2. Dont make me laugh. That situation doesnt even compare to Linebrink. Linebrink has NEVER had a full season of over 3.75. Hawkins' career ERA is 4.68. Just because he has a streak of 4 good years doesnt mean anything. THAT is a good example of inconsistent RP.


Yes, Bradford and Walker came through. Their good performance replaced some really awful ones in 2006...and how many games did the Orioles improve in 2007? Hint: They actually lost more games. IOW, we made TWICE as big an improvement as the Sox did in trying to address bullpen problems, and it even worked, and we still didn't get better.

2. You do realize that Linebrink pitched in one of the best pitcher's park. For the record, here are his ERAs and Hawkins ERA adjusted for ballpark and compared to the league average:

Linebrink: 123, 181, 210, 113, 113
Hawkins: 210, 243, 167, 113

You're silly if you don't see that Hawkins was BETTER than Linebrink at his peak, and that both of them showed a significant decline heading into the year where they were signed as bullpen saviors.



1. The difference is the White Sox improved their offense too. Of course, if you dont improve anything but bullpen, its not going to make much of a difference.
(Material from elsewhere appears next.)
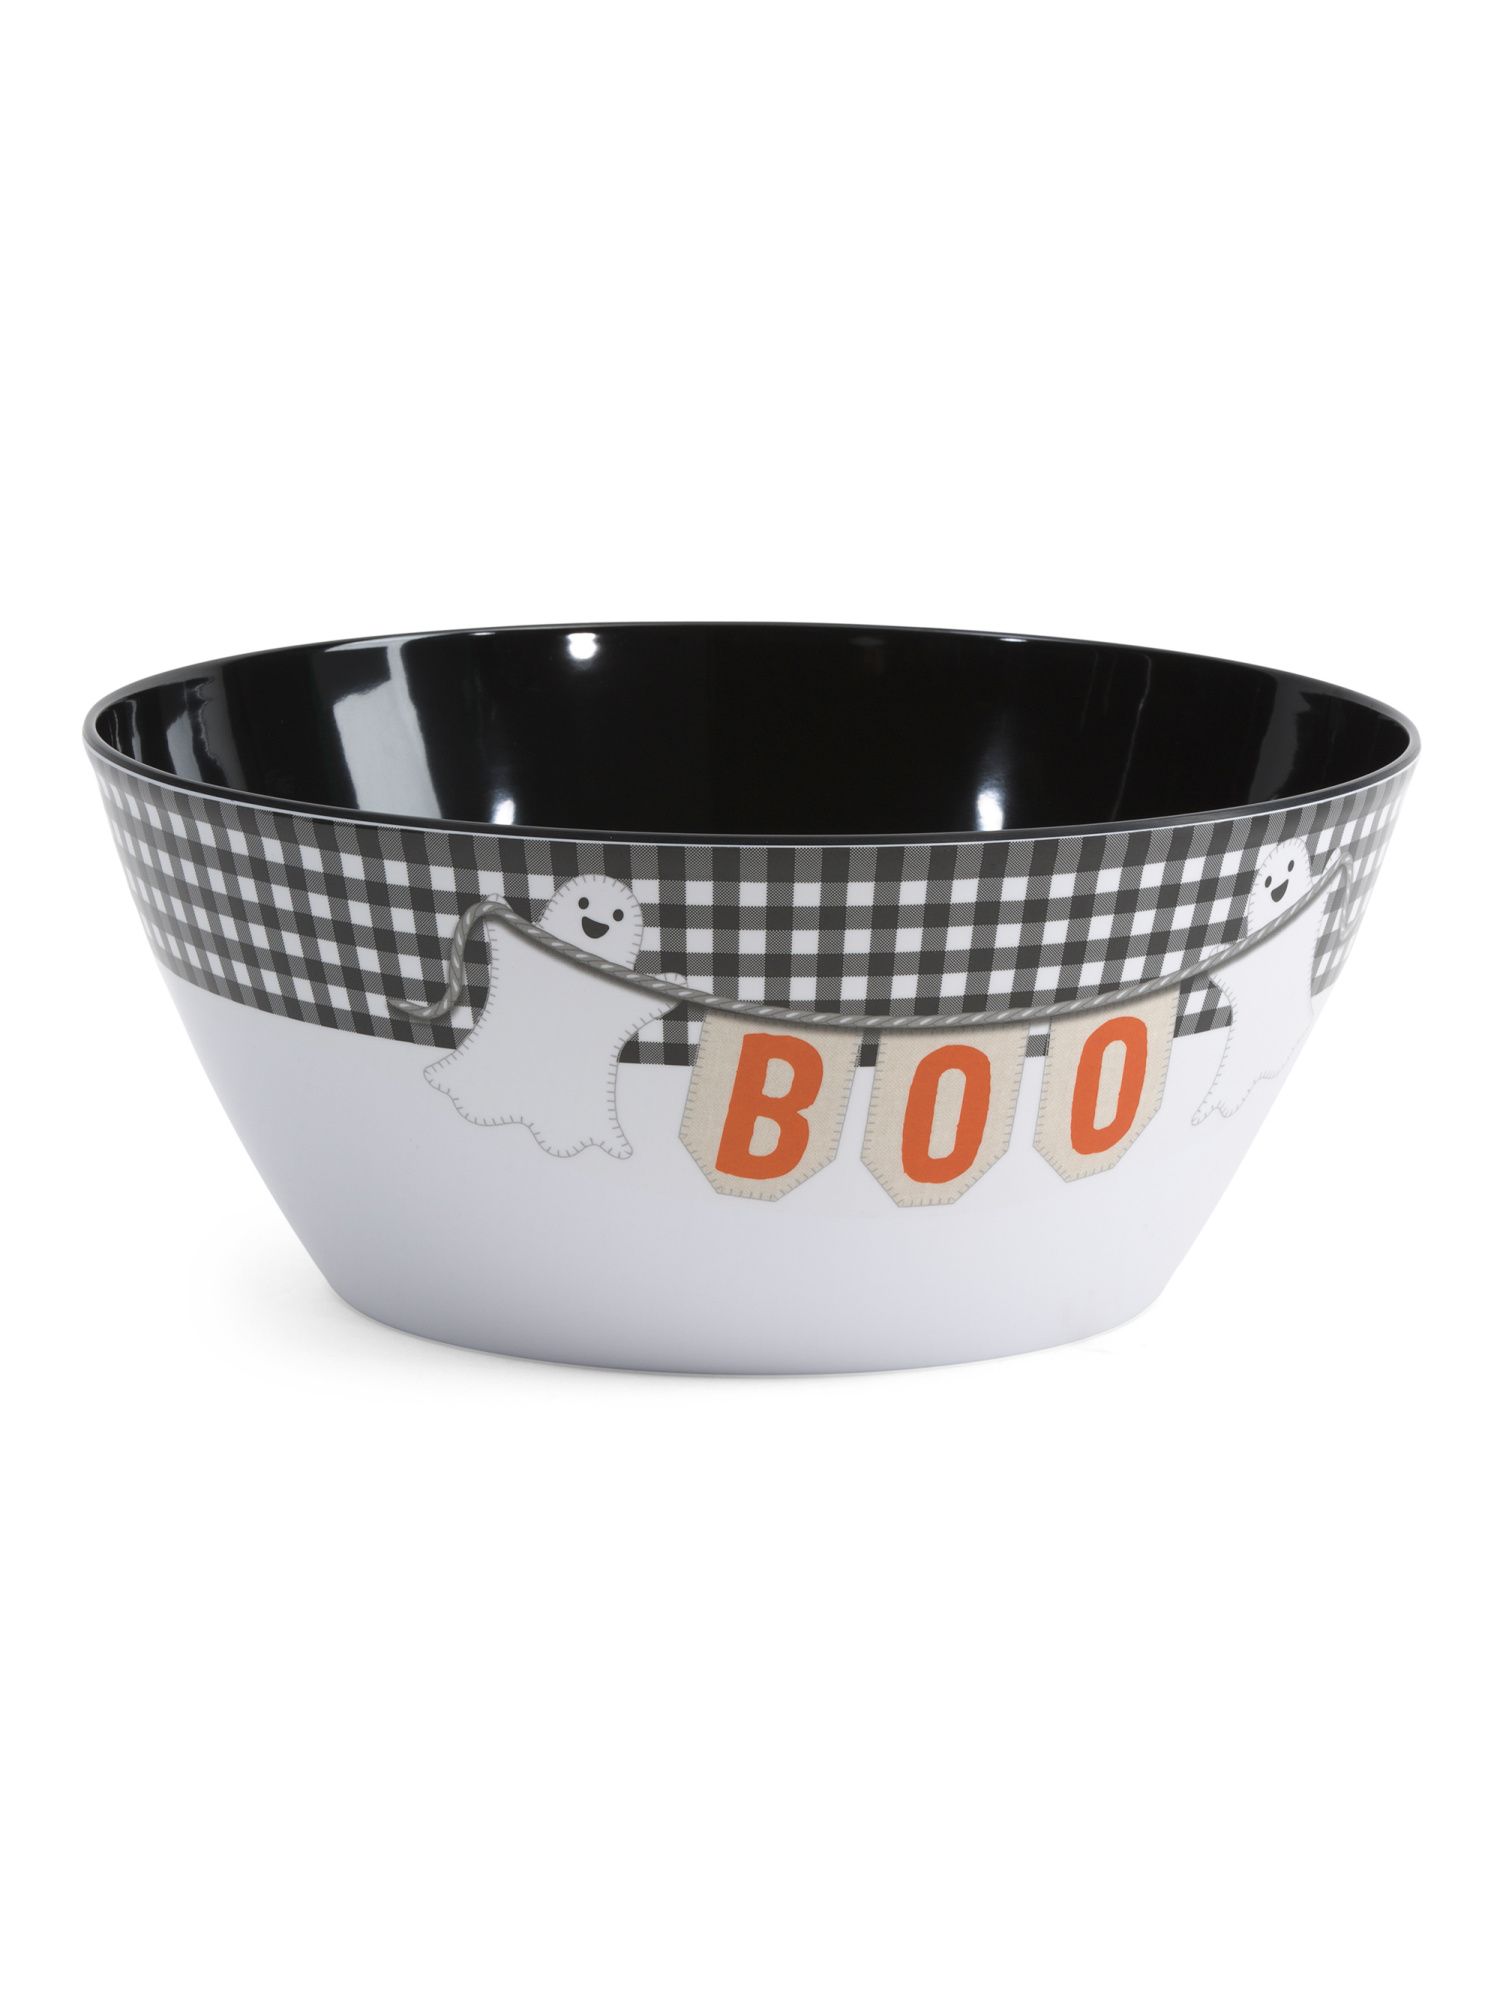 Boo Ghosts Melamine Candy Bowl | TJ Maxx

Hint: The orioles didnt suck in 2007 because of bullpen(even though they sucked at that too), the white sox did. They couldnt hold any games. Jenks was very good, but other than that, our second best ERA was Matt Thorton(4.79). You cant say that "Hey, the Orioles situation is the same because they improved their bullpen and got worse." Thats a terrible argument. The orioles suck becuase they have one good hitter(markakis) and one good pitcher(bedard). This isnt the same situation at all.

2. I agree Hawkins was better at his peak. But Linebrink has NEVER had a bad season. He has ALWAYS been reliable, and dependable. Hawkins is a perfect example of inconsistency. He had a few good years, but for the most part he sucks.

FACT: Linebrink is a consistent relief pitcher. You said it was impossible, and Im telling you that you are wrong. He is consistent. How good Latroy Hawkins was 4-5 years ago is irrelavent to this topic.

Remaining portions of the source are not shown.